**SOURCE DATA**
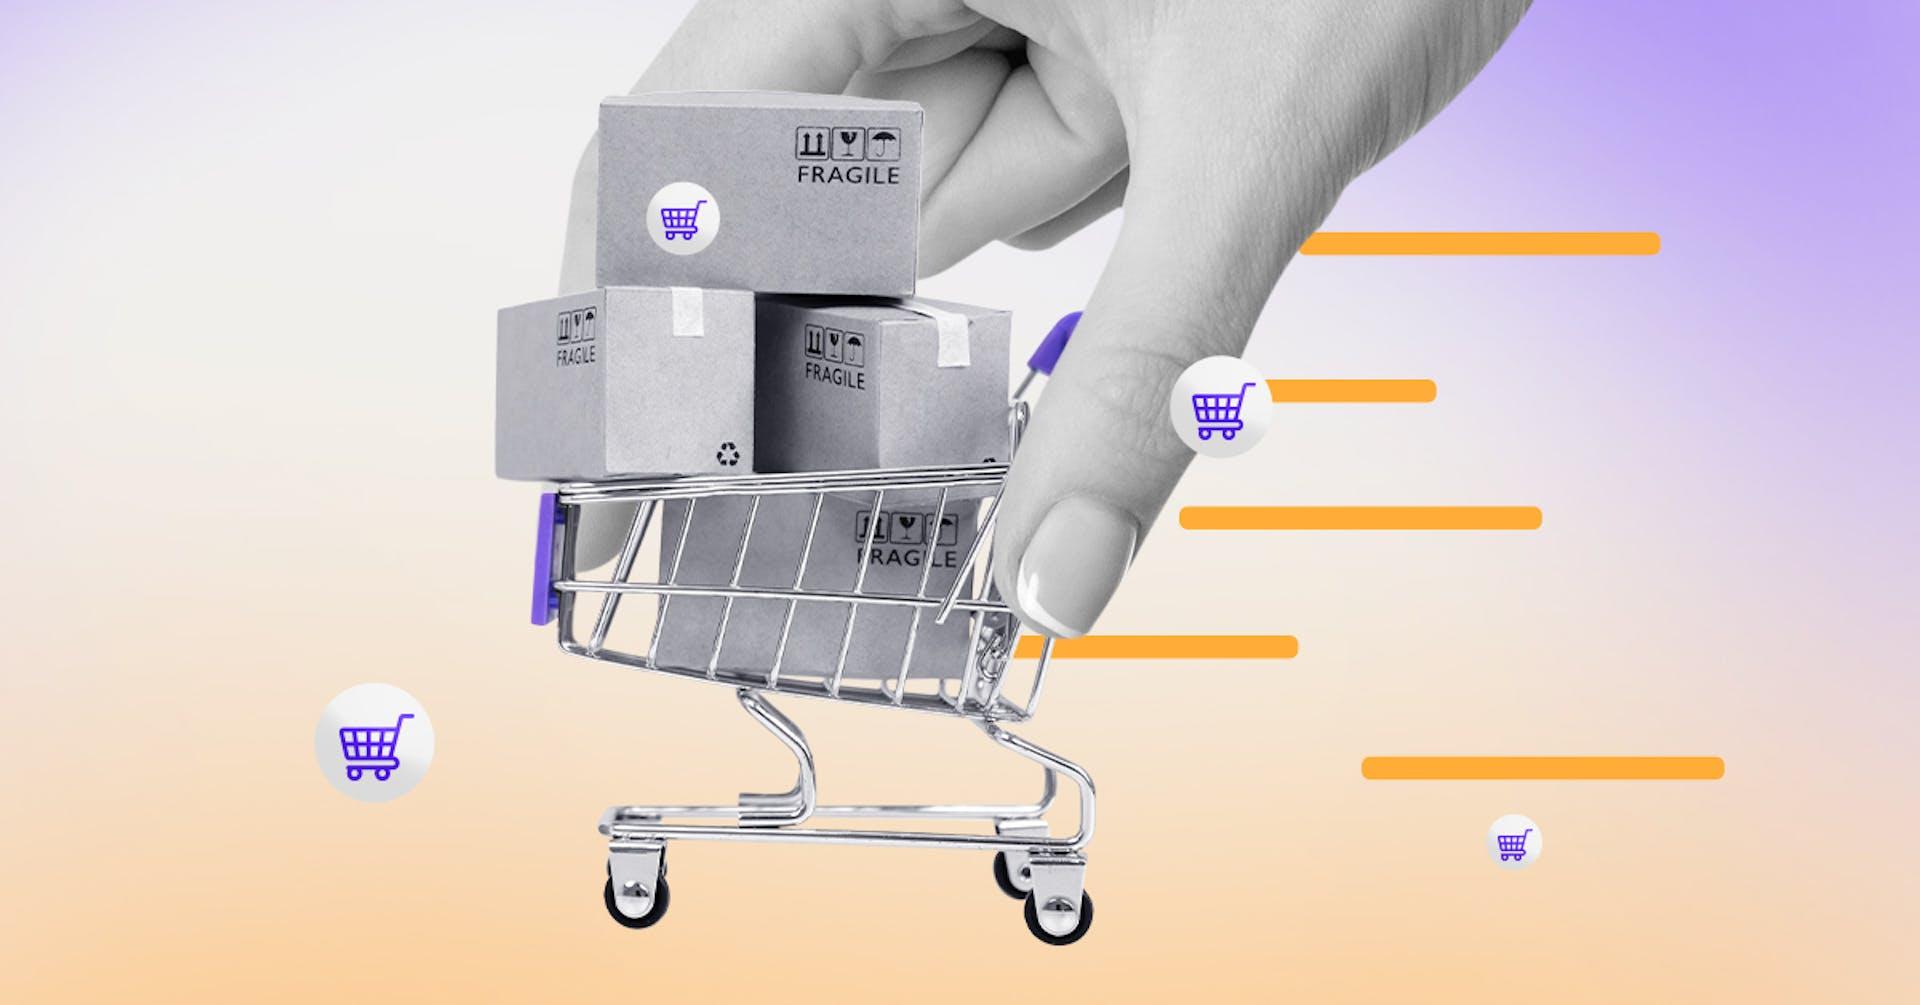 Tendencias en retail 2021: ¿Cómo mejorar la experiencia del cliente?
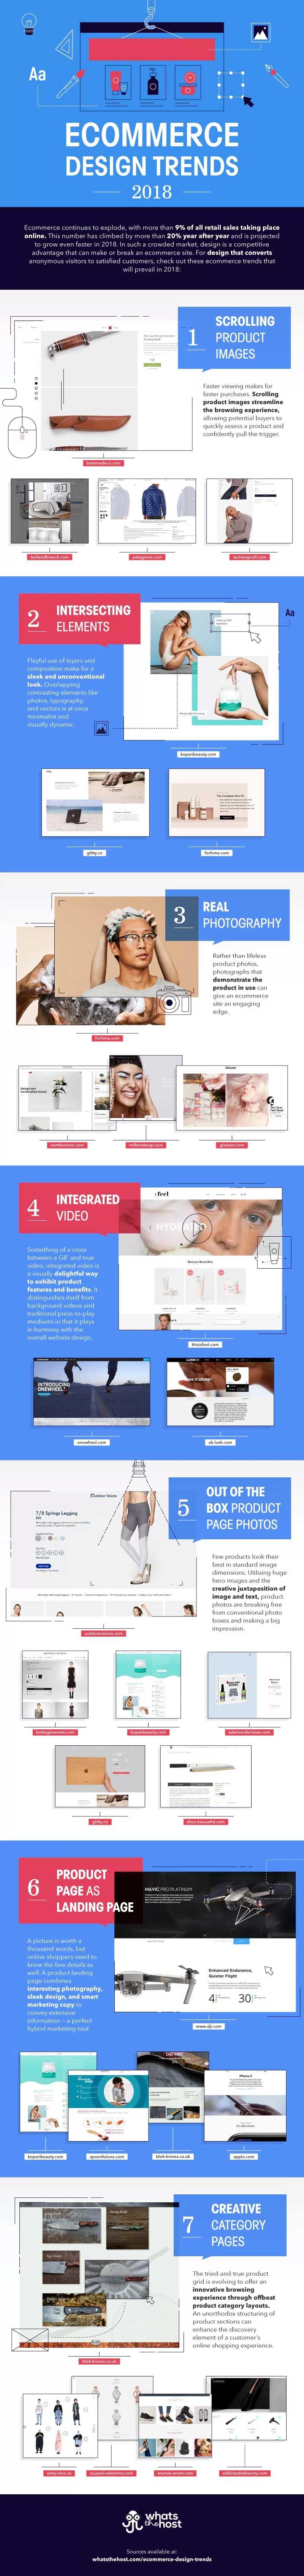 Tendencias de diseño en eCommerce 2018
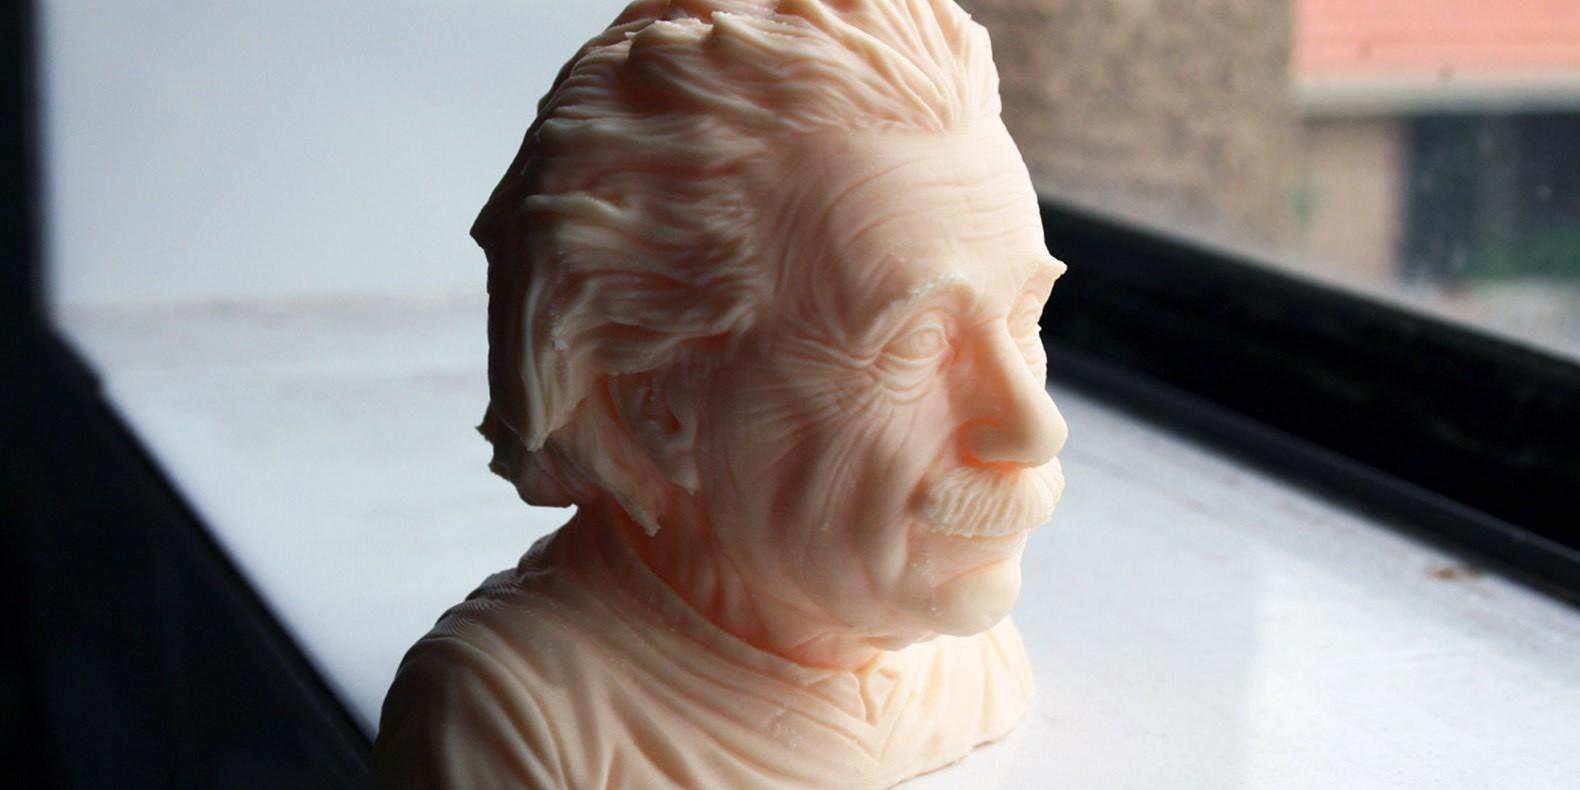 Encuentre aquí una selección de los mejores modelos 3D de bustos para hacer con una impresora 3D

**ACTIVITY**
Exactly as written, return every line of the listing, but not the pictures.

**ANSWER SECTION**
 Tendencias en retail 2021: ¿Cómo mejorar la experiencia del cliente?
 Tendencias de diseño en eCommerce 2018
 Encuentre aquí una selección de los mejores modelos 3D de bustos para hacer con una impresora 3D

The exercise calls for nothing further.